First of all, flush the exchanger with a cold tap water. Then pour citric acid into the device and place in a bucket of water. Then - take out the heat exchanger and fill it with water to check the patency.
If it comes in slowly or does not move, then prepare a saturated solution of vinegar in water and pour in there. Then rinse with hot water and blow. Use an air pump whenever possible. Repeat the vinegar cycle.

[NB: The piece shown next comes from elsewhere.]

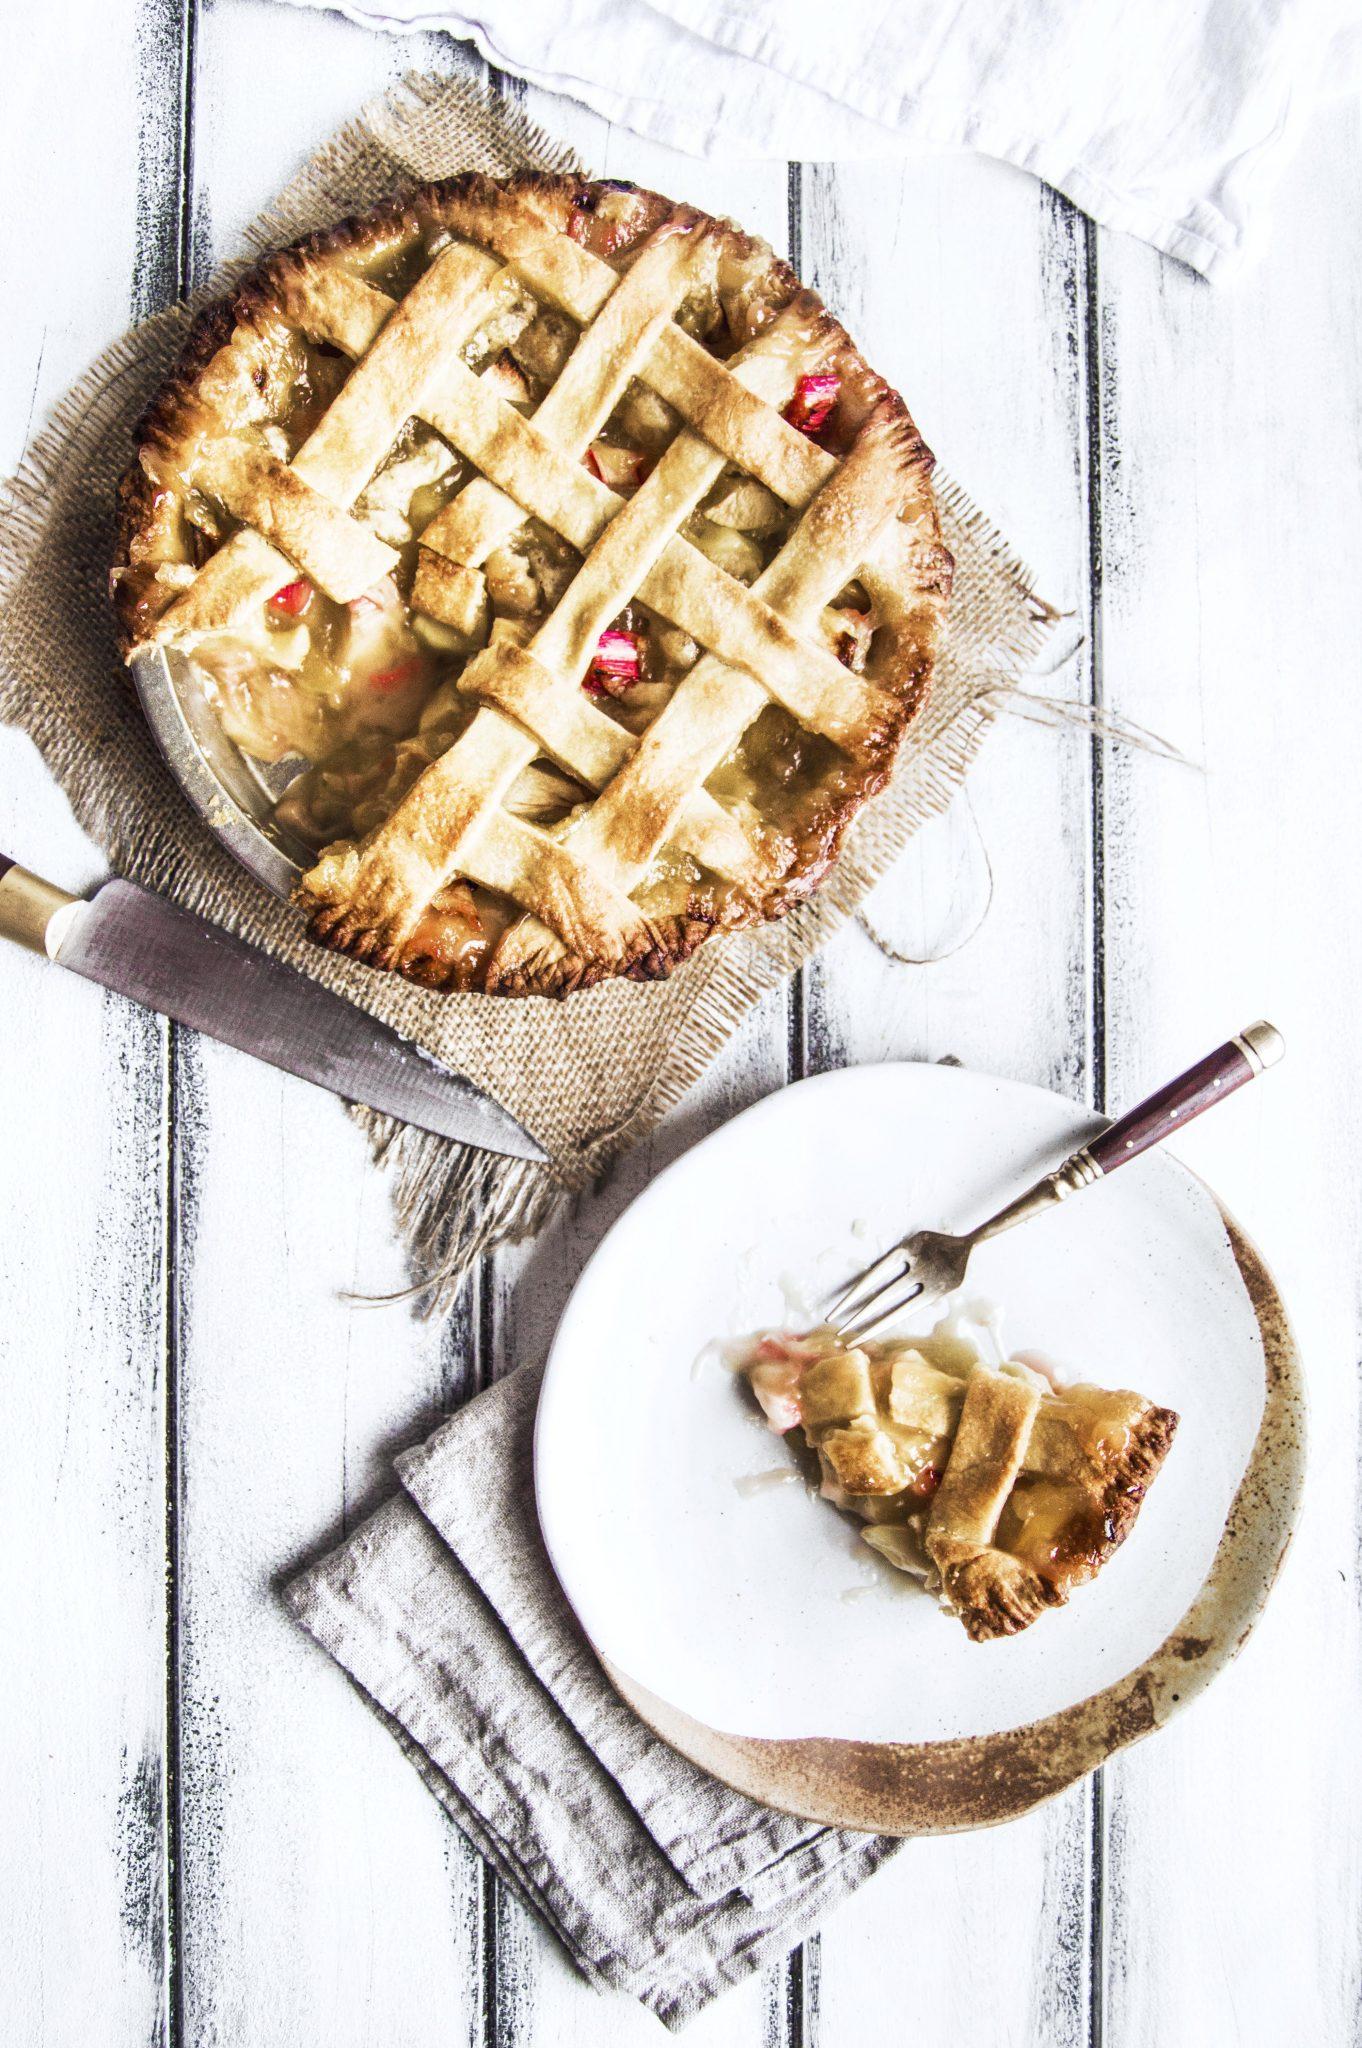 Vegan Apple Rhubarb Pie

Among the arguments for professional cleaning, it is worth noting the inconvenience of the design for cleaning, the difficulty in assessing contamination, the risk of damage due to independent mechanical action.
If the steps above do not work, try a special cleaning solution, such as a cleaning gel or a low percent adipic acid solution. If this method did not work either, then call the master or order a professional cleaning.
How to replace a part?
No special knowledge is needed for this. To remove the old exchanger for inspection or replacement, follow these steps:
- Disconnect the power supply and turn off the gas.
- Remove the front cover of the boiler.
- Shut off the cold water supply for the DHW circuit. Close the valves on the flow and return pipes of the heating circuit.
- Remove the drain plug. Drain all water from the boiler.
- Reduce the pressure in the system, if necessary, and remove the air.
- Pull out the electronic board. Remove the necessary fasteners for this.
- Remove the terminals from the gas valve.
- Get out the boiler elements that prevent easy removal of the secondary heat exchanger: cold water inlet, water fittings, etc. Remove the corresponding brackets, nuts and clamps.
- Insulate all electrical assemblies and wires with waterproof material.
- Unscrew the fasteners holding the secondary heat exchanger. Use a handy tool. Sometimes this can be done with a hexagon. Manufacturers try to place the exchanger in a convenient place so that the boiler elements do not suffer during its removal.
- Remove secondary heat exchanger, remove water from there.
At the time of removal, it is worth remembering the location of the exchanger in order to install it back or put a new one in the same way.
Heating system safety group: navigate by the pressure gauge (left) and in the case of readings, so-called. red zone, bleed air through the vent (in the middle)
Apply copper grease to the connections that secure the unit to the inside of the boiler. This will protect it from oxidation.
Also, replace worn seals before putting the part back in place.
Conclusions and useful video on the topic
How to get the heat exchanger out of the Baxi boiler, how to clean it:
Cleaning the primary exchanger with reagents, overview of funds and end result:
Idea for repairing a broken primary heat exchanger inlet:
We talked about two types of heat exchangers. Primary - above the burner of the combustion chamber and secondary - for heating running water. Now you are better versed in the design of gas boilers and understand the importance of heat exchangers in their operation. We also presented two partially similar algorithms for replacing exchangers.
If necessary, you can start soldering this part. You will be able to do home washing. Do not forget about the quality of materials, if you still have to buy a new part.
Leave comments and ask questions. Tell us about your boiler. Write down how many heat exchangers there are. Have you changed them, and how long did the old exchangers last? Write about it in the contact form, which is located under the article.